→ GOAL OF THE EXERCISE: Each line below must be set down exactly; omit any image you find.

→ RAW DATA:
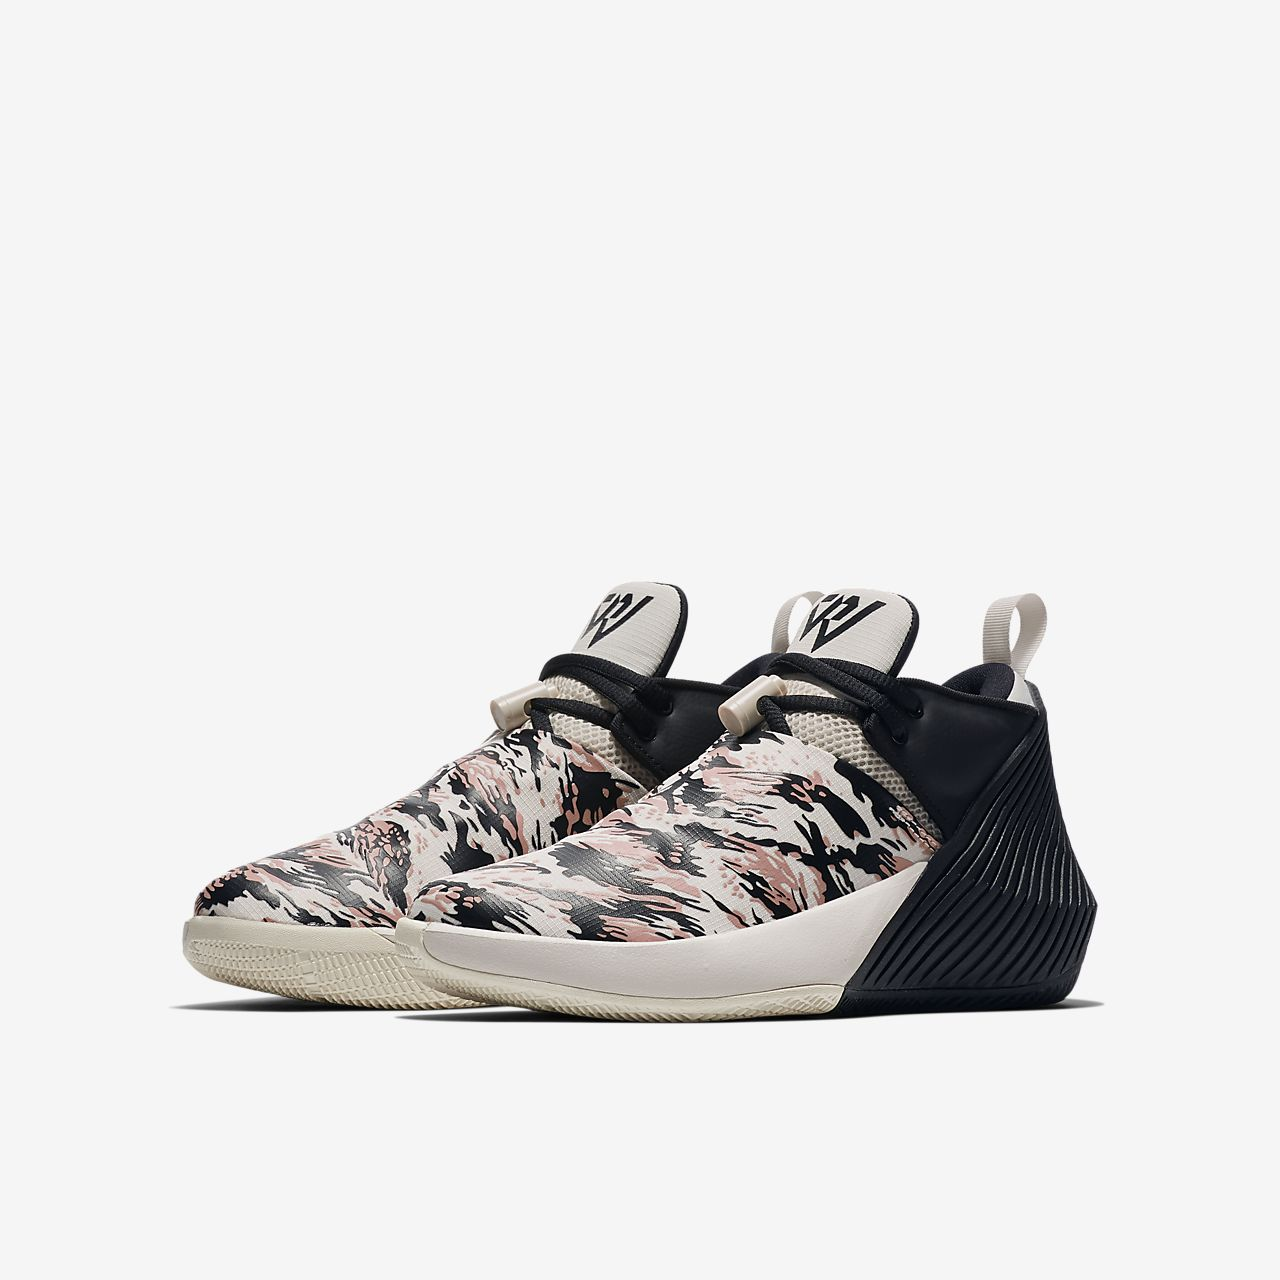 62c3d7d78d74 Jordan  Why Not   Zer0.1 Low Boys  Basketball Shoe. Nike.com IN
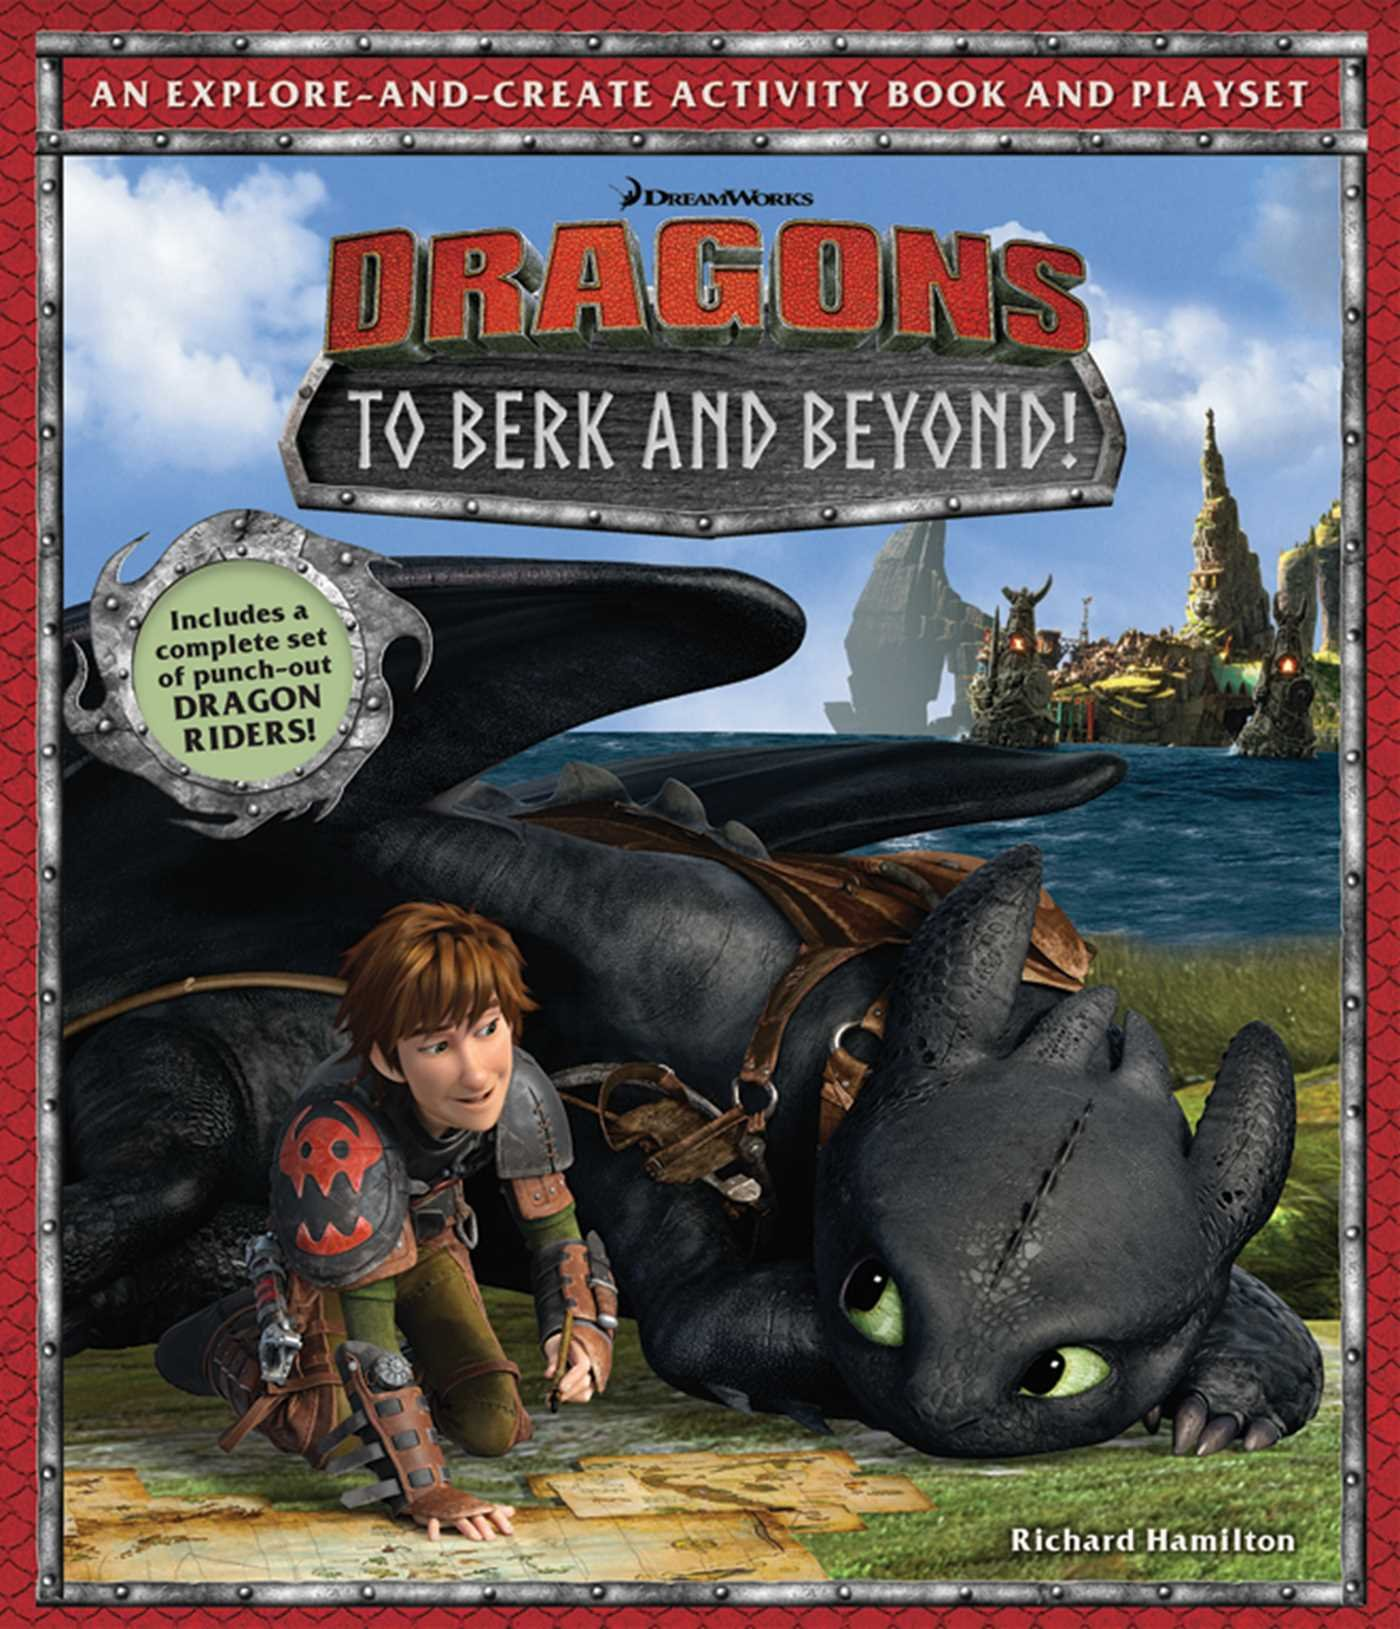 Amazon: Dreamworks Dragons: To Berk And Beyond!: An Exploreandcreate  Activity Book And Play Set (9781608876815): Richard Hamilton: Books
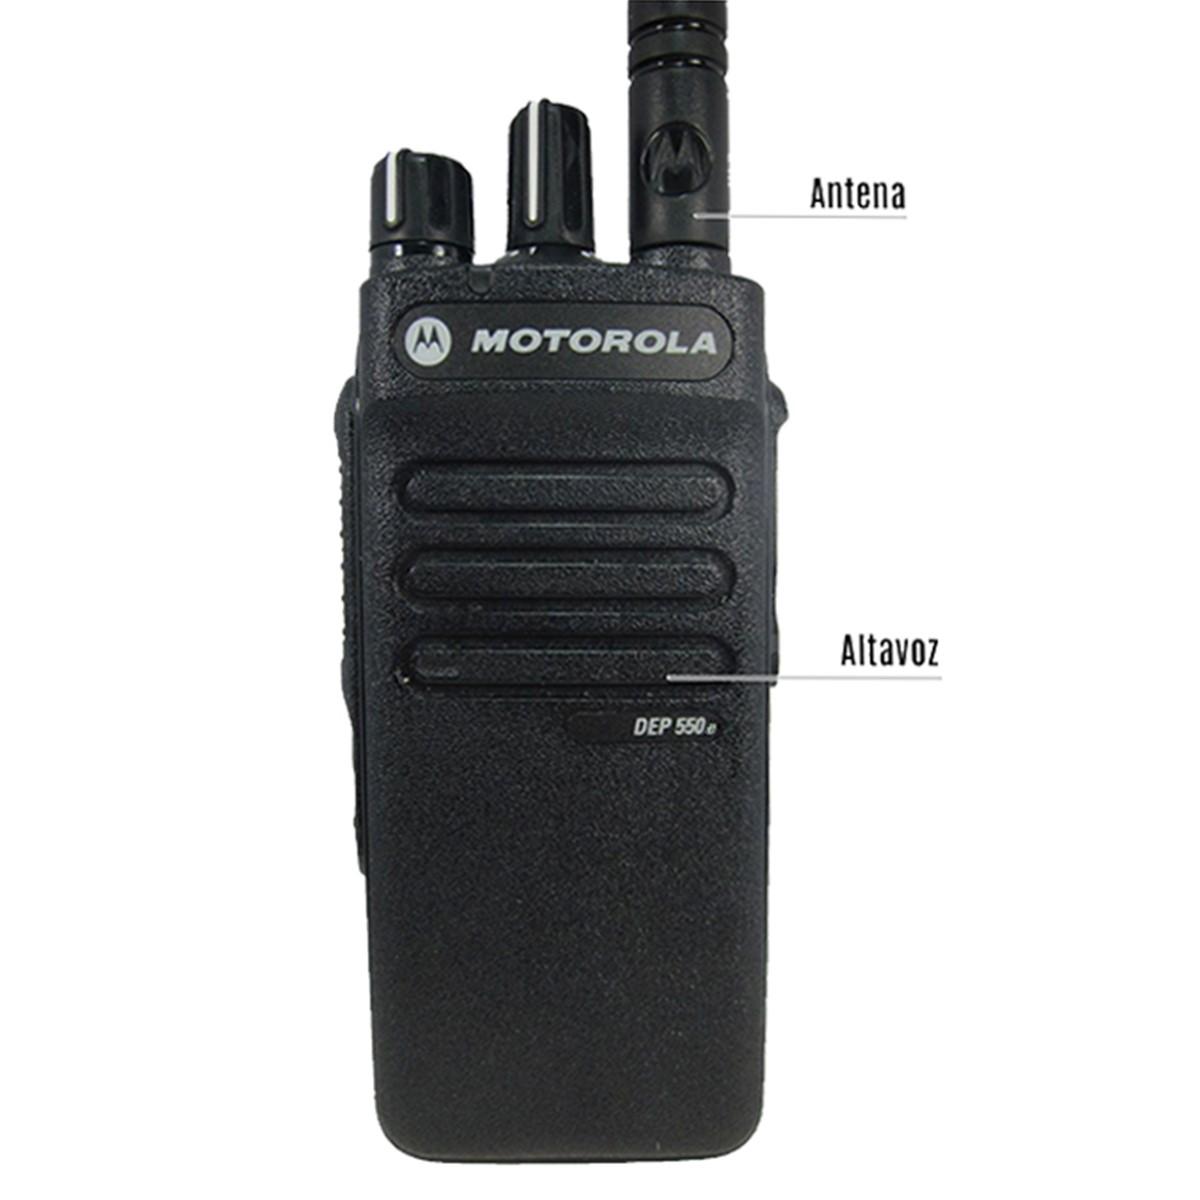 Radio Motorola DEP550e Digital LAH02RDC8UA1AN UHF 403-527 MHz

→ OUTPUT OF THE TASK:
 62c3d7d78d74 Jordan  Why Not   Zer0.1 Low Boys  Basketball Shoe. Nike.com IN
 Amazon: Dreamworks Dragons: To Berk And Beyond!: An Exploreandcreate  Activity Book And Play Set (9781608876815): Richard Hamilton: Books
 Radio Motorola DEP550e Digital LAH02RDC8UA1AN UHF 403-527 MHz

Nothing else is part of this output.